Project Portfolio

Multi-Agentic Oncology Value Scorecard Creation with LLMs

This project explores the use of large language models (LLMs) to replicate and generate oncology value scorecards, such as the ASCO and ISPOR frameworks. These frameworks evaluate cancer treatments based on clinical benefit, toxicity, and other patient-centered outcomes. It implements and compares three LLM-based approaches: multi-agent systems, single LLM pipelines, and retrieval-augmented generation (RAG), using data from ClinicalTrials.gov, PubMed, and OpenFDA. A fourth, more advanced MOA-based multi-agent framework was later integrated for enhanced synthesis and traceability. Scorecard outputs were benchmarked against published gold standards to assess accuracy and reproducibility.

Exploratory COVID-19 Modeling: Because There Weren’t Already Enough Predictive COVID-19 Projects

This project explores the dynamics of the COVID-19 pandemic through three lenses: healthcare system strain, pandemic fatigue, and policy effectiveness. We developed predictive models for ICU utilization using LSTM and ensemble methods, achieving strong generalizability across countries and time periods. Pandemic fatigue was operationalized and detected using social media sentiment, policy data, and case trends, reaching over 89% balanced accuracy. We also applied causal and time-series methods, including wavelet coherence, to study the delayed effects of policy interventions.

Enhancing DataTrail Data Science Education: The BaltimoreTrails R Package and Dashboard

The BaltimoreTrails R package and associated dashboard are a comprehensive toolkit designed to facilitate the integration, manipulation, visualization, and interactive access of Baltimore datasets. Developed as part of the DataTrail initiative by the Johns Hopkins Bloomberg School of Public Health, this package and associated dashboard aim to provide a more localized, interactive, and relevant learning experience for students.

An R Shiny App to Introduce and Apply Survival Analysis Ideas

Together with Tiffany Hsieh and Bowen Chen, I am working on this R Shiny web-application to introduce ideas and provide intuition of survival analysis concepts from both theoretical and applied perspectives. Given a publicly available Moderna vaccine survival dataset on GitHub which we wanted to further explore, we outline several basic survival analysis concepts in a non-mathematical manner and then apply those concepts to the aforementioned dataset.

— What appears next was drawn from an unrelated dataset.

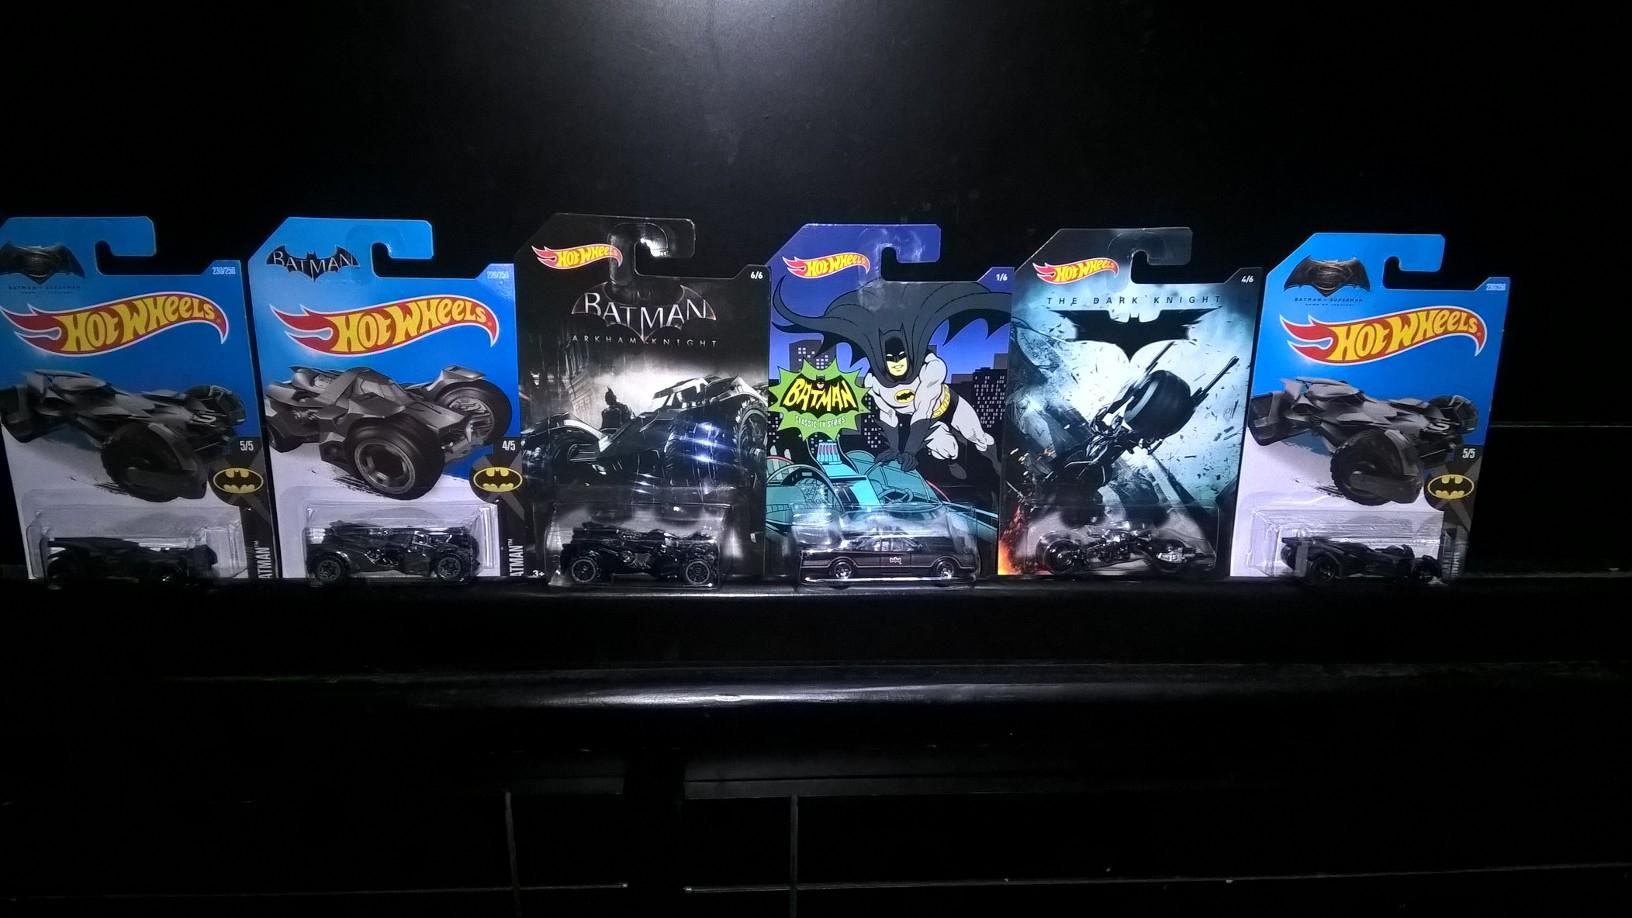 Bodega Aurrerá: carros Hot Wheels Batman a $17 y más

Pediatric Traumatic Brain Injury (TBI) Mortality Prediction Web-Application

This pediatric TBI prediction web-application is part of my honors thesis on imbalanced outcome pediatric patient mortality classification, where the best-performing C5.0 decision tree classifier trained on Synthetic Minority Over-sampling TEchnique (SMOTE) subsampled data is the predictive model implemented here. Potential applications of such a web-application, as recommended to us by clinicians, could be when either diagnosis by a clinician is not possible or as an indirect clinicians aid to give an approximate survival estimate for parents or guardians. Simplicity, speed, and portability were the main priorities considered when developing the application.

An Intuitive Introduction to Metropolis-Hastings Algorithm Sampling and Diagnostics

The first aim of this stochastic models and simulation project is to understand the metropolis-hastings algorithm and several markov-chain-monte-carlo diagnostic methods at a more intuitive and visual level through plots that are both animated and interactive. My second aim is to present my first aim in a cohesive and compact manner to those unfamiliar with MCMC and the R-Programming Language. It is important to mention that the time-dependent nature of a markov chain and the amount of visually appealing parameters are optimal for creating animated illustrations.

Comparing Variable Selection Techniques on Simulated Data

The aims of this project are to simulate multivariate data from three underlying linear models with varying degrees of correlation among predictors and then observing how effective different variable selection methods perform on each dataset by fitting a linear regression model with the selected variables. Thus, we first simulate 50 datasets for every underlying model from section 7 of the Paper “Regression Shrinkage and Selection via the Lasso” by Tibshirani (1996). We then fit the models according several variable selection and shrinkage methods and consider Akaike Information Criterion (AIC), Bayesian Information Criterion (BIC), and Adjusted R-Squared Value as performance metrics.

Shiny-Based Personal Project Portfolio Web-Application

I created this project as my previous personal website to improve my R Shiny and HTML programming skills. Given that Shiny applications are more dynamic and are made for visualizing and making statistical analyses more interactive, I decided to retire this web-application for this current website.